EXERCISE INSTRUCTIONS: The response should consist of the data below, copied exactly, with no pictures in it.

(INPUT DATA begins)

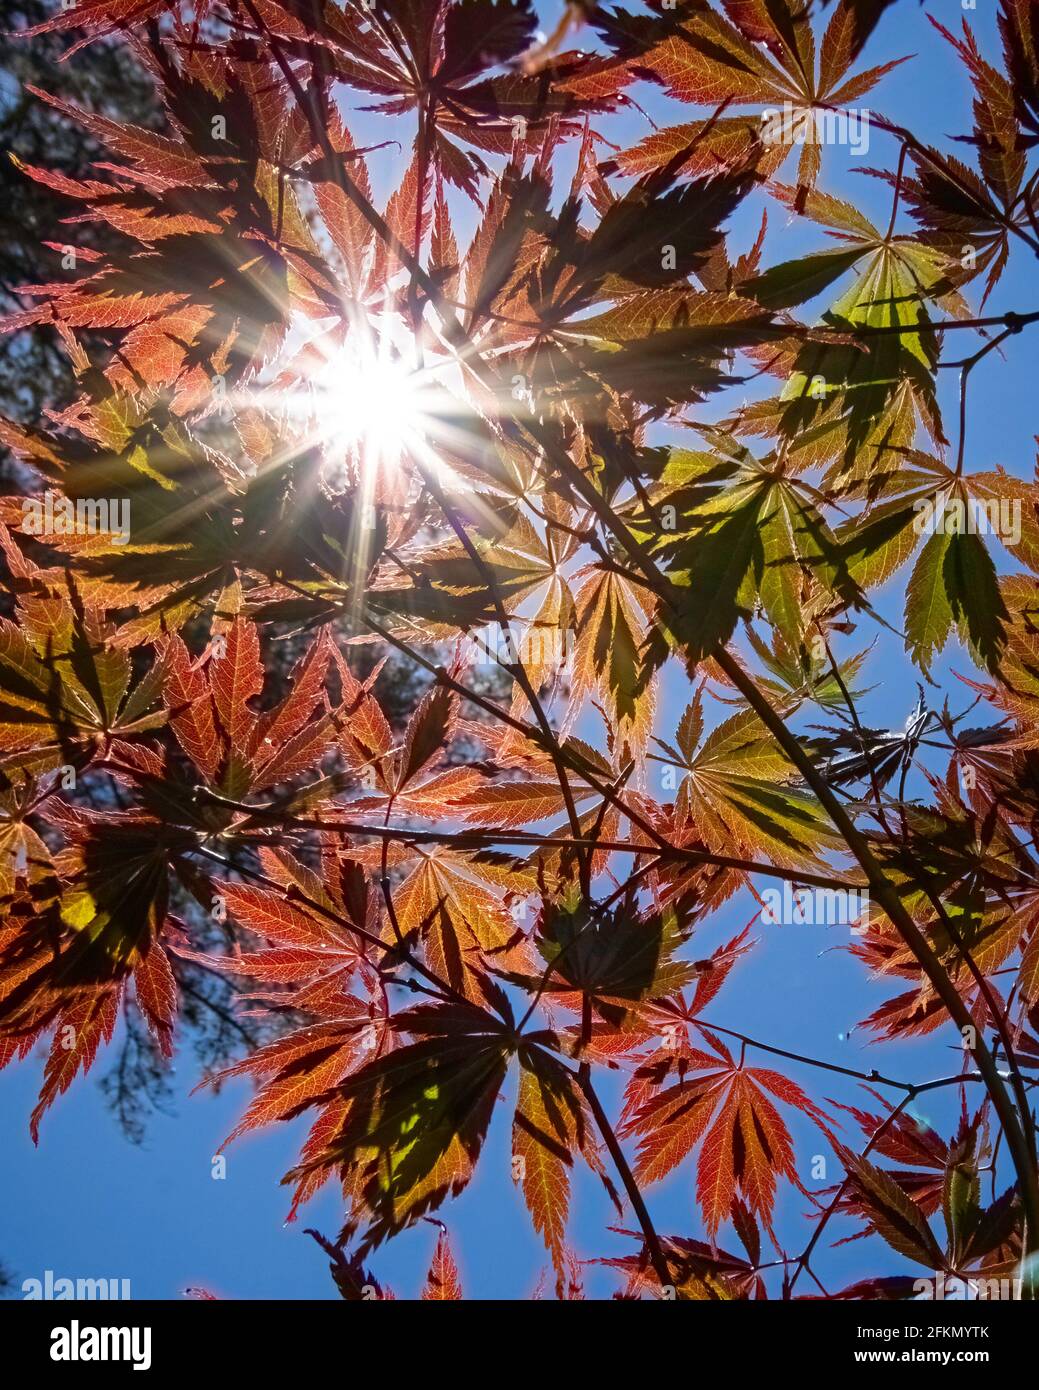 Natural background of Japanese maple (Acer palmatum) leaves shot from below with a sunburst in the upper left. Stock Photo
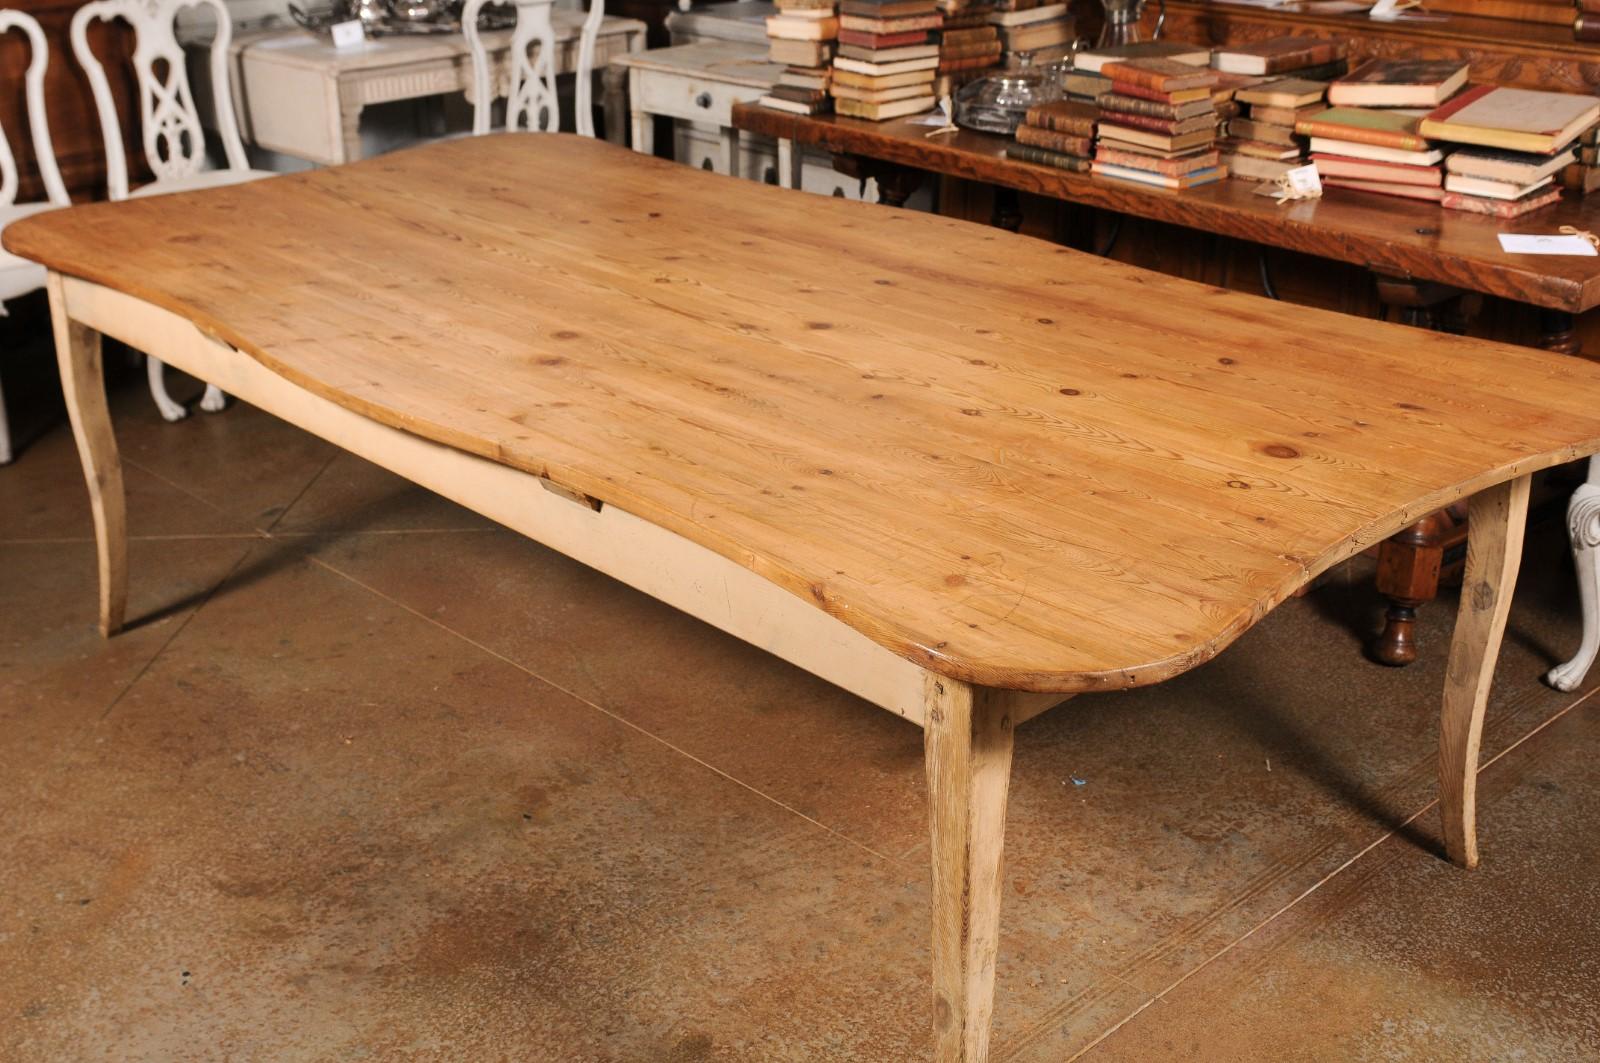 19th Century French Restauration 1820s Fir Wood Distressed Farm Table with Serpentine Top
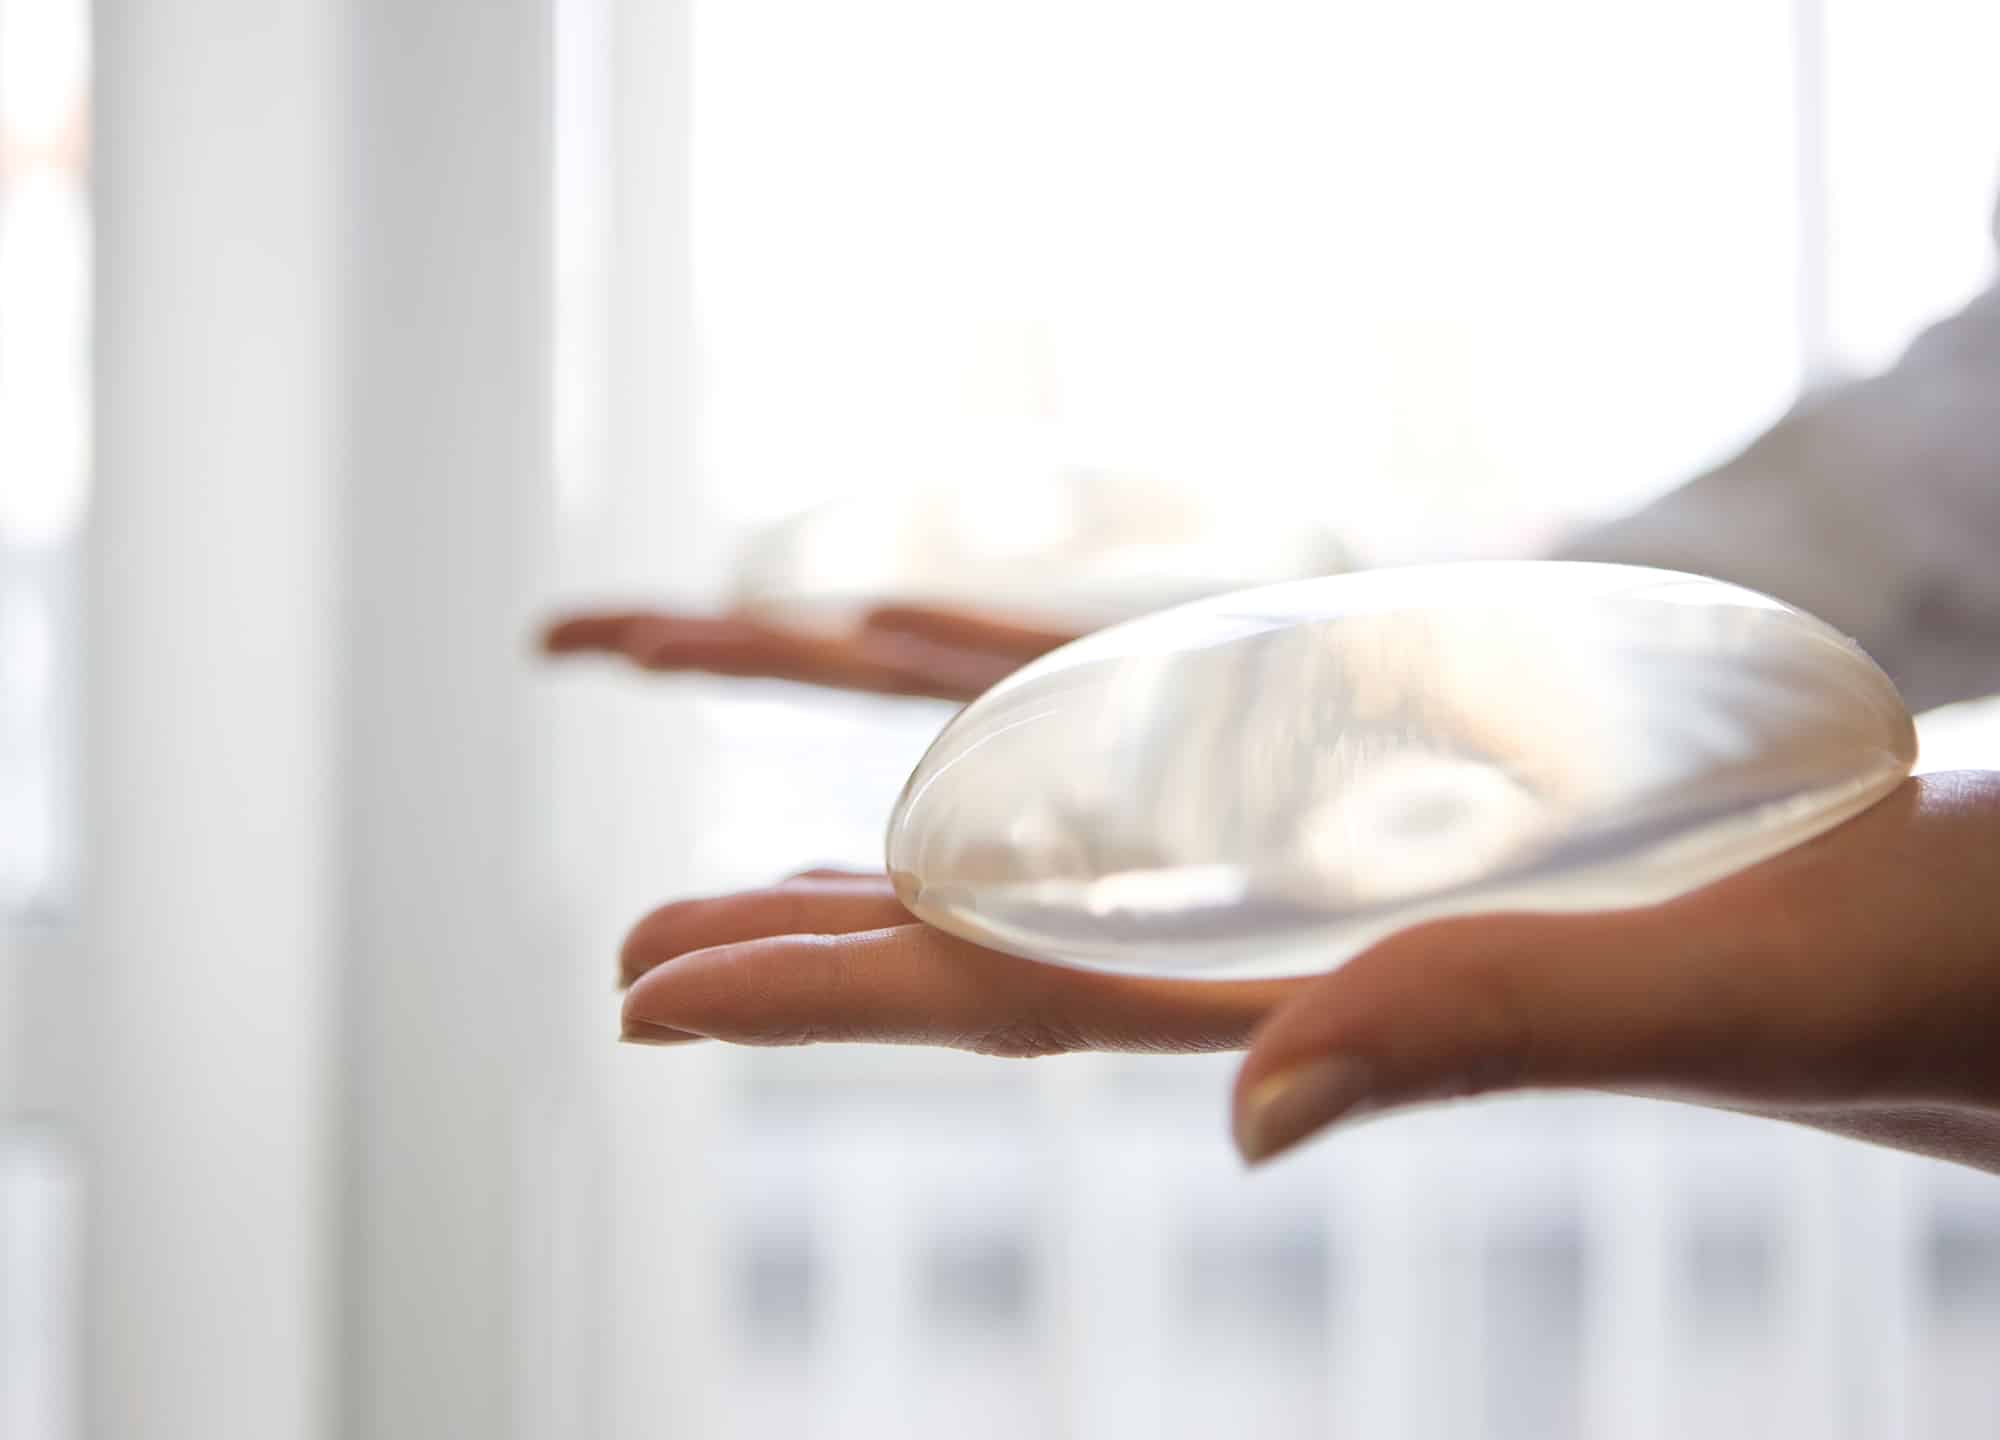 It's a popular procedure, but there are a lot of people feeling breast implant regret. Whether it's capsular contracture or boobie blues, you're not alone.

(INPUT DATA ends)

OUTPUT BELOW:
 Natural background of Japanese maple (Acer palmatum) leaves shot from below with a sunburst in the upper left. Stock Photo
 19th Century French Restauration 1820s Fir Wood Distressed Farm Table with Serpentine Top
 It's a popular procedure, but there are a lot of people feeling breast implant regret. Whether it's capsular contracture or boobie blues, you're not alone.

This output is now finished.